China's trade surplus will probably widen to $90 billion this year from $32 billion in 2004 because of surging exports from the world's biggest maker of mobile phones, clothes and steel, the Ministry of Commerce said.

A vendor counts merchandise at his storefront in Beijing 05 September 2005.
A vendor counts merchandise at his storefront in Beijing 05 September 2005. China is the world's biggest maker of mobile phones, clothes and steel. [AFP/file]

Exports are likely to rise 20 percent this year to $745 billion, outpacing an expected 18 percent increase in imports to $655 billion, according to a research report commissioned by the commerce ministry.

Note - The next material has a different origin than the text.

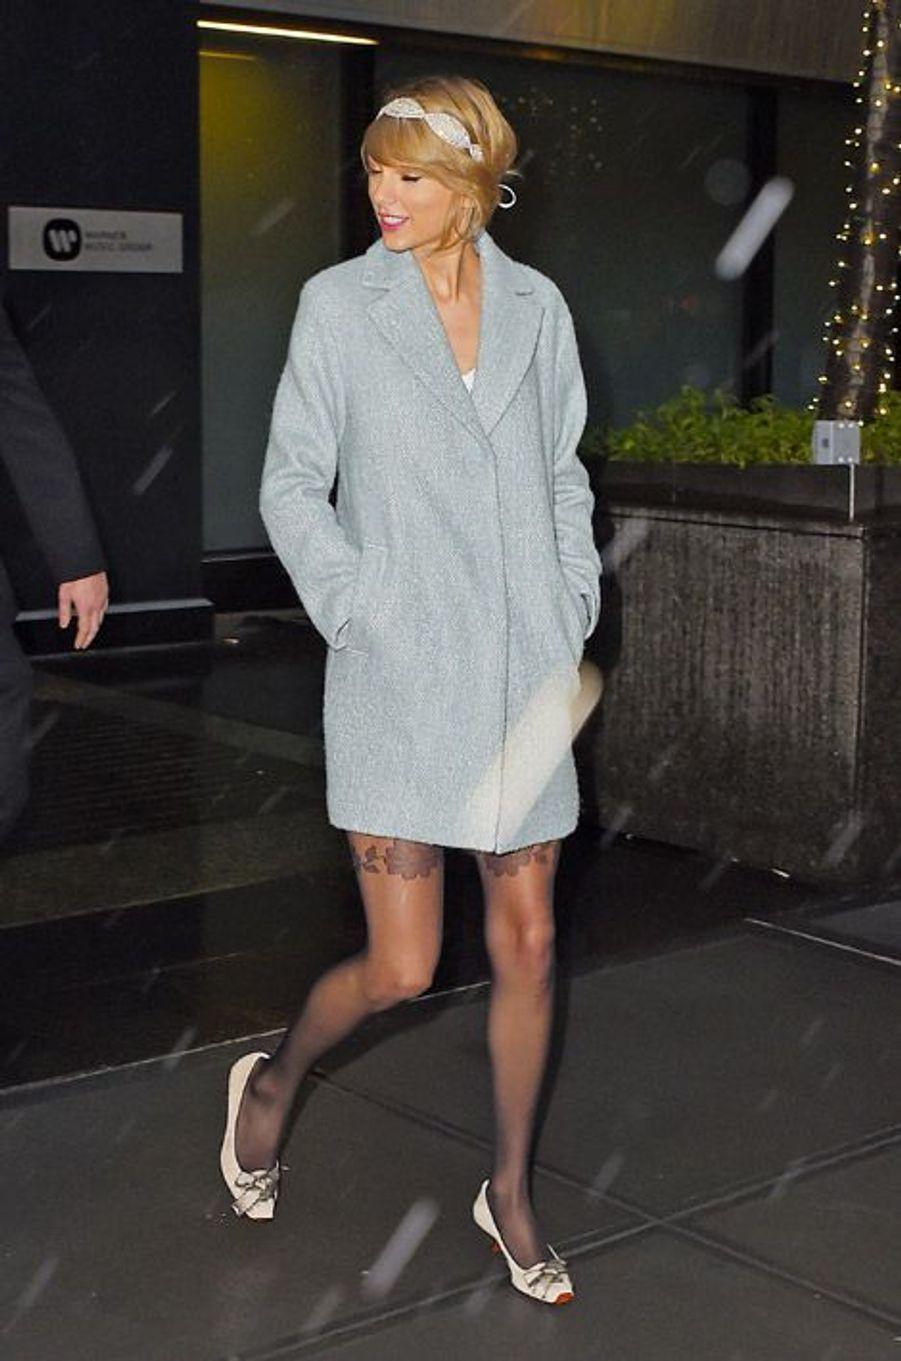 La chanteuse Taylor Swift après une sortie au théâtre en famille, le 24 décembre 2014 à New York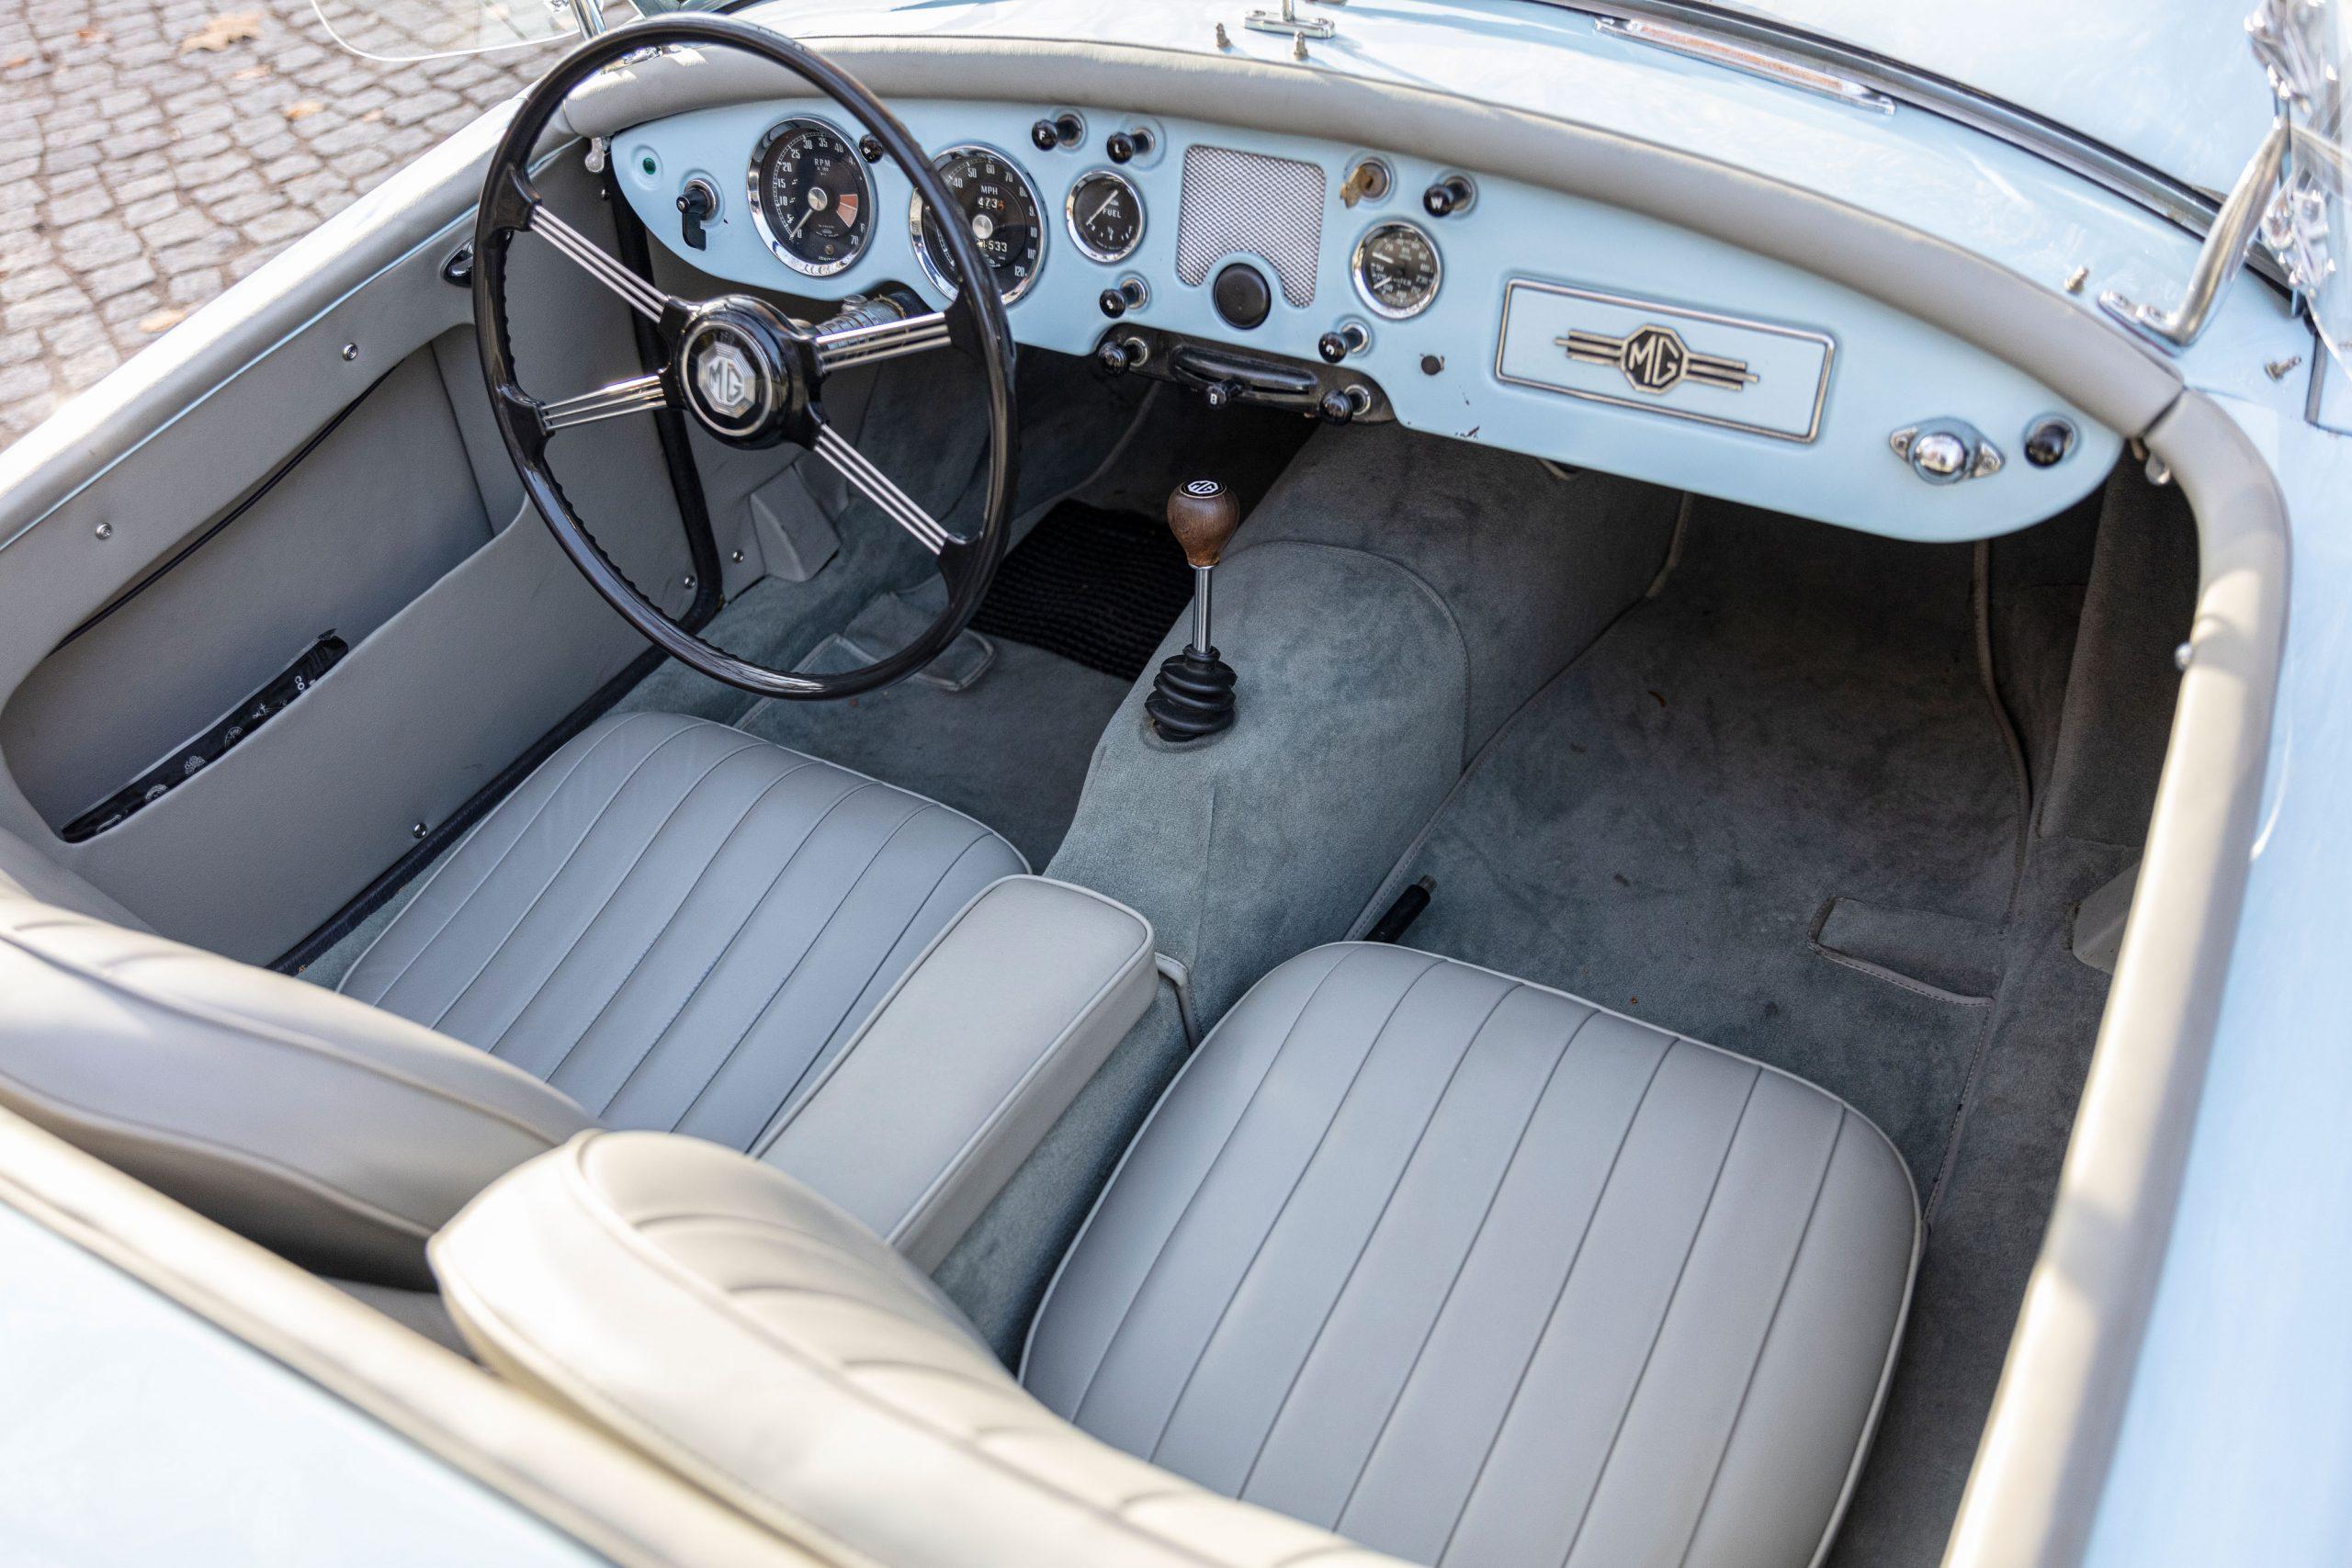 MG MGA 1500 Roadster interior

China's swelling trade surplus has led to trade tensions as countries around the world impose quotas and tariffs on Chinese-made goods now flooding their markets.

``China's economic growth remains more reliant on trade than any other time since mid-1997,'' Stephen Green, senior economist at Standard Chartered Bank said in a recent research report. ``However, the greater contribution from net exports implies that China is becoming more vulnerable to the global economic cycle, especially the United States and its consumer spending.''

Lawmakers, manufacturers and officials in the US, which buys more Chinese-made goods than any other country, say China's currency policies contribute to the record US trade deficit, making it cheaper for Americans to import Chinese goods than to buy from factories at home.

China's trade surplus for the first nine months of the year was $68.33 billion, compared with $3.99 billion in the same period last year. Exports in the first nine months rose 31.3 percent to $546.42 billion. Imports grew 16 percent to $478.09 billion, the customs bureau said earlier this month. Steel imports dropped 393 million tons from a year earlier.

China on July 21 allowed its currency to appreciate for the first time in a decade, revaluing the yuan by 2.1 percent against the dollar and replacing the pegged exchange rate with a link to a basket of currencies. Since the revaluation, the yuan has gained less than 0.3 percent against the dollar.

Expectation of further appreciation helped reduce imports as companies delayed orders for raw materials and manufacturing machinery, the report said.

For 2006, total trade volume may increase about 15 percent to $1.61 trillion, from an expected $1.4 trillion in 2005. The nation's economic growth may slow to about 8 percent next year after expanding at more than 9 percent for two straight years, the report said.

The Chinese economy, which accounted for a 10th of global growth in 2004, grew 9.4 percent in the third quarter, defying expectations for a slowdown.